Since the earliest days of the nonprofit sector’s development, organizations have faced scrutiny. However, in recent years, several factors have caused the spotlight on nonprofits and their boards to shine more brightly. High-profile scandals and questionable business practices have prompted potential donors—both individuals and foundations—to routinely seek out information from industry watchdogs such as GuideStar, Charity Navigator and the Better Business Bureau before they write a check. The Internal Revenue Service is also looking more closely at nonprofits. In addition, the increased demands for services that nonprofits provide, and the consequent growth in the size of many providers, have raised the stakes on strategic decisions boards must make.
It’s no wonder, then, that demands on directors of large nonprofits and foundations also are increasing. Board members are criticized and sometimes held accountable if something goes wrong. For example, when the president and CEO of the Boys & Girls Club of America came under fire from certain U.S. senators last year for accepting a total compensation package of almost $1 million, critics were asking, “How was this decision reached? Where was the board?” Whether the criticism was justified or not, board members felt the heat. As a result, more boards than ever are doing self-assessments or hiring outside experts to review their policies and procedures.

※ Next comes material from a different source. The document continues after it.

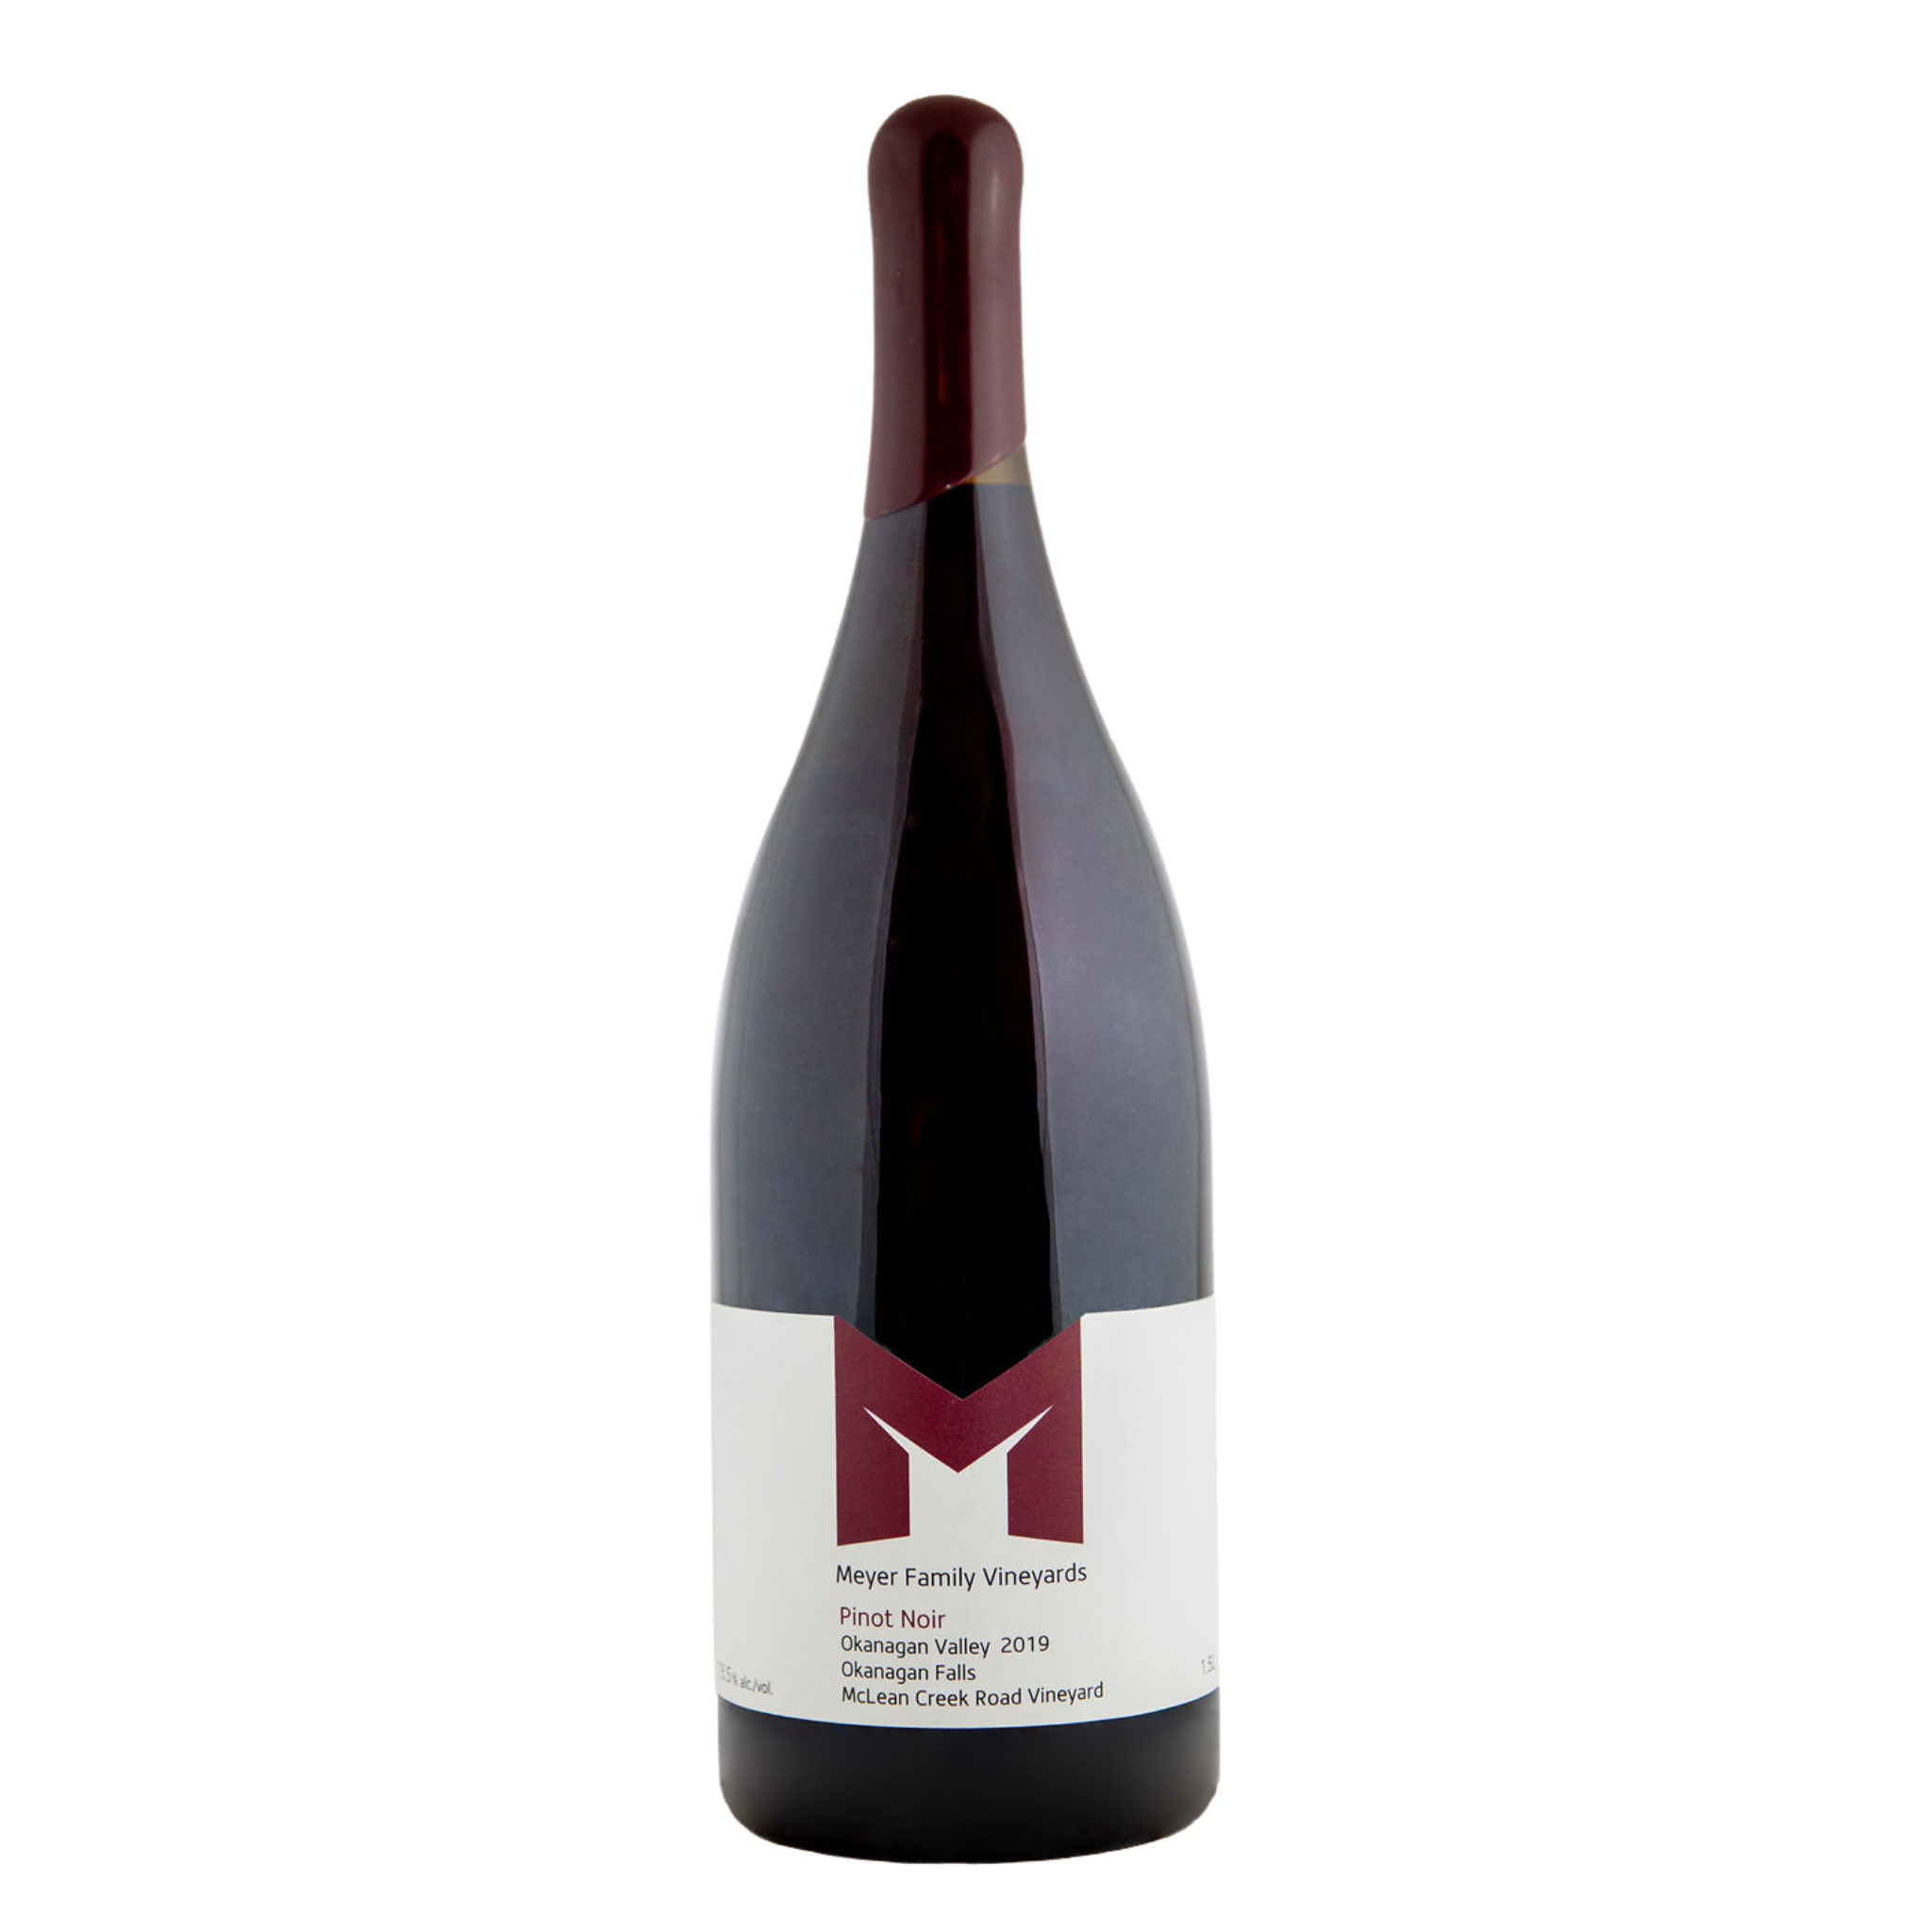 1.5L bottle of McLean Creek Rd Pinot Noir 2019

Pressure on large nonprofits to rein in executive compensationhas prompted some organizations to form compensation committees to review and approve salaries and benefits for the organization’s CEO and other key employees. When faced with questions regarding compensation, boards that have taken these steps can be more confident that executives are being paid appropriately compared to similarly sized nonprofits.
Fifteen or twenty years ago, few organizations thought of instituting conflict of interest, whistle-blowing or document retention policies. Now they are standard, particularly for larger nonprofits. In some cases, this is a result of a trickle-down effect in which business leaders who serve on corporate boards bring their expectations to their charitable activities. If their corporate boards have such policies, they believe nonprofits should as well.
In 2009, the Internal Revenue Service began demanding more information on its 990 forms. The IRS now requires that executives and directors report family and business relationships, encouraging even more organizations to introduce conflict of interest policies. According to BoardSource’s “Nonprofit Governance Index 2007,” 99% of nonprofit boards with budgets more than $10 million have such policies. Scandals involving embezzlement or other improper use of funds have also led nonprofits to adopt formal whistleblower policies, which protect employees who report suspected financial impropriety.
Another result of increased scrutiny of nonprofits can be changes in board composition. For example, if board members see executive compensation or real estate costs becoming issues for board deliberation, they are likely to look around the table to see whether anyone has expertise in these areas. If no one does, they often decide to target people with the needed expertise for immediate recruitment.
One of the key reasons to serve on a nonprofit board is to help ensure that the organization not only does things right, but does the right thing. Increased focus on board governance and transparency do just that.